Until 2020, I have taken every recommended vaccine on the US schedule. Happily. I've asked for them.
I will never take another vaccine again aside from a tetanus booster. My response is normal. It is proportionate and appropriately responsive to the reality we have learned about what public health and pharmaceutical companies will do.
I now strongly suspect we've been lied to about earlier vaccines and their risk-benefit profiles, too.
Again, my response is normal. I didn't become crazy. I am making a rational decision that many reasonable people have also made. If my decision strikes you, vaccine-proponent, as "crazy," it is you who is misguided and mistaken. Notice that I'm not calling you crazy (the way you are getting ready to label me). I think you are mistaken, not crazy.
But I am not mistaken in my skepticism and caution. You, vaccine proponent, would agree and acknowledge this in any other context. That you cannot is because you are emotionally terrified to recognize reality because it will destabilize your world view significantly.
That’s your emotional issue to work on. You may choose to work on it, or choose not to. But it won’t make me crazy, or “conspiracy-minded,” or any of the other things you use to comfort yourself. And you’ll know that.
I hope, for you, that the cognitive dissonance becomes so unbearable that you break. Because when you break, you come back to reality. I want that for you, and I want it for all of us who have an interest in a livable, sane society.

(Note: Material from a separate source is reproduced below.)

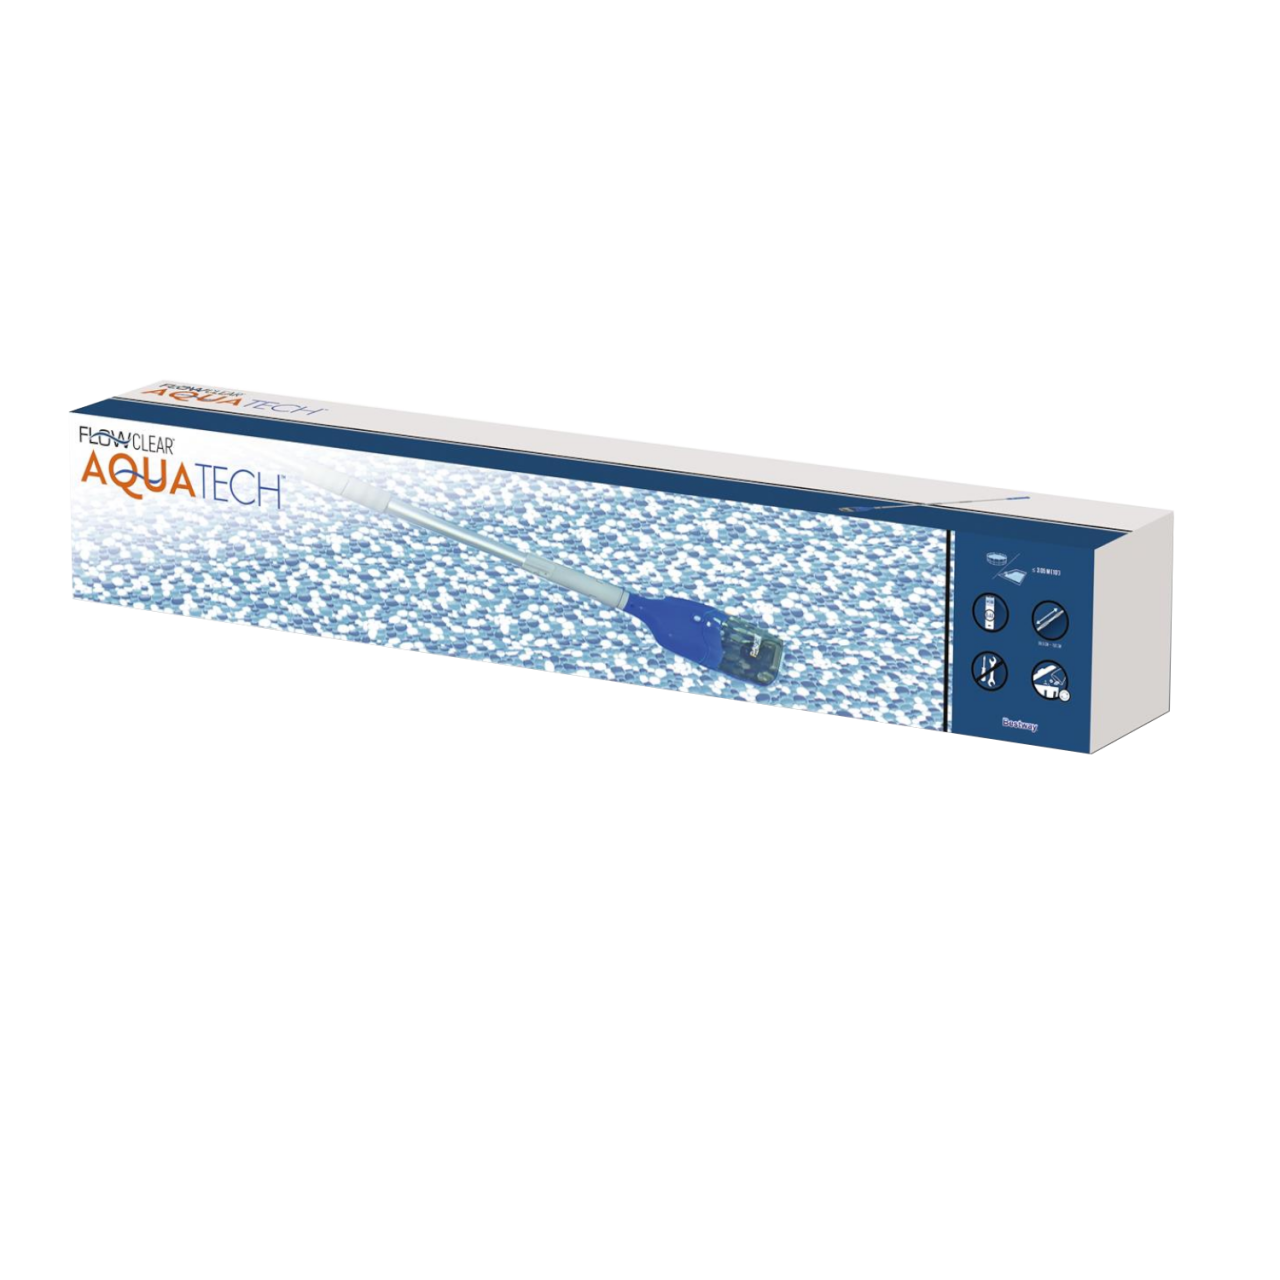 Bestway Flowclear batteriebetriebener Poolsauger AquaTech 58648 Pools bis Ø305cm

Hear, hear! I got flu shots in college (because a math major missing class for two weeks would have been a dealbreaker, almost impossible to recover from) and I got caught up on childhood vaccines as an adult once I found out that I didn't get them as a child. Looking back, I feel so stupid for believing the medical industry long enough to do those things. Never again. I will never again trust the medical establishment to tell me what to inject into my body. I will make my own decisions after doing my own research, context-dependent. Like you, tetanus boosters are the only thing I'm willing to approve at the moment. Lying bastards.
I am more than well vaccinated. Basically, because I traveled so much and vaccinations are often recommended or mandatory for immigration purposes. So, I probably do not have to fear Cholera as much as others might ;-)
What I learned over about the last decade is how little we actually know about health. For example, my family has a long long history of being poor that I can basically trace back into the 1500s. And with that comes a long genetically manifested health story. For example, I am short and I never grew a full set of teeth (I am missing three, they just never grew). My family also has a history of dying young. Both MS and ALS have occurred in my mom's and the prior generation. Heart issues have caused young heart attacks and most of my cousins and my brother had to have surgery before they turned 35 to remove an extra something or so (not sure of the medical terms here). Most of us have back problems and joint issues growing older and nearly everyone gets diabetes at some point. To put numbers to it, my father is the longest living male in my family. He turned 73 this year. Most did not make it past 60.
It is odd that our generation has subscribed so heavily to the wisdom of medical science. Yes, there were a few wins. When I could see the hospital (Groote Schuur Hospital in SA) where the first heart transplant occurred from my apartment window I felt a huge sense of progress and pride about how far humanity has come. The early vaccinations were indeed a life saver. My mother in law had polio has a child and there was a long term negative impact on her health and ability to do things. But nowadays, we know so many areas where the science was misused that we need to become way more critical (nutrition, autism topics... all have been falsified and lied about).
We all have to weigh risk factors and I agree there are a few that make me not get a booster.
When my work made covid vaccination mandatory I had a first panic attack in the parking lot right before my first shot. I did not want to take it (I never get flu shots either), but felt forced. And as the person who has three people relying on her income, I just could not afford any side effects. It was the worst feeling I ever had in my life.
Thanks for being so open about your thought process.